Picking up the cases on the mainland, was another foreshadowing of the mess we had made for ourselves. The limousine driver taking us to the airport was most accommodating as he graciously strained his own back getting them in and out of the trunk (And indeed, earning him a sizable tip).
However, being the over-anxious Type A personalities that we are, our arrival at the airport was hours before Condor Air’s ticket booth opened to allow us to drop off our luggage. What options did we have? Everywhere we wanted to go in the airport, our burgeoning bags accompanied us. Of course, one questions, “What’s the big deal? They’re on rollers, right?” And yes, that’s a correct assumption to make, but picture a gigantic case that has its zippers opened to enlarge its capacity to a mammoth-sized depth. Yep, now you get it, don’t you? I might also add that we aren’t exactly the weight-lifter type of women who could probably manage this without a problem. We’d be better described as slight designer women, loving anything trendy and stylish, but not particularly sensible. (Or at least that’s how we’d like to describe ourselves!) And seriously, where does one to put such a case when needing to visit a tiny washroom stall?

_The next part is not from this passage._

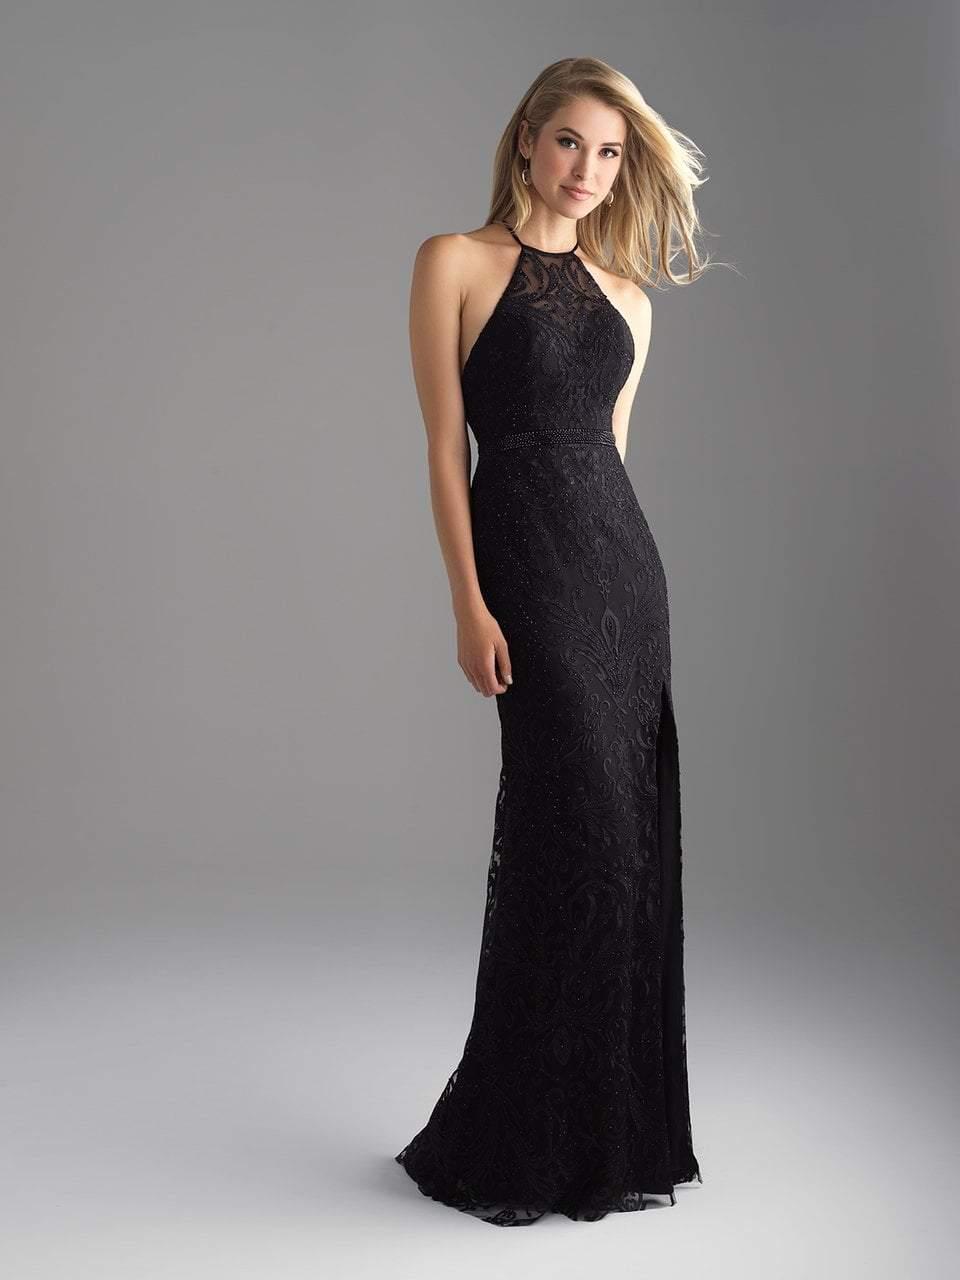 Madison James - 18-687 Embroidered Halter Sheath Dress

The relief of sending those incredible burdens off was the best part of the day! Our arms were giving out from the strain of pulling them behind us for the three hours spent waiting. While packing, never once did we anticipate the number of times we’d be carting those cases along and boarding and retrieving them from planes, trains, buses, and cars. The workout! / The pain! / The stupidity!
TRAIN STORY ONE
After sitting upright in a discount air carrier for a whopping 9.5 hours, these naive adventurers had the joyful experience of having to retrieve their bags and roar through the terminal to load them onto a train for an additional 3 hour ride. Looking anything but fresh, Twiddle Dum decided to use the train washroom. Once she emerged, she found her frenzied partner convinced that the train would be stopping any minute at our stop. She had positioned the 2 oversized brutes together for a speedy exit and had been praying that Twiddle Dum would come out in time. As expected, the train pulled alongside a platform, we struggled to get the *#!#!*bloody cases off, and just as the train pulled away, the station sign was spotted. Surprise! Twiddle Dee, my capable German-speaking partner, had read the station prompter incorrectly. We had gotten off in a city one stop before our destination! Of course we had! No wonder our welcoming hostess wasn’t standing there to greet us!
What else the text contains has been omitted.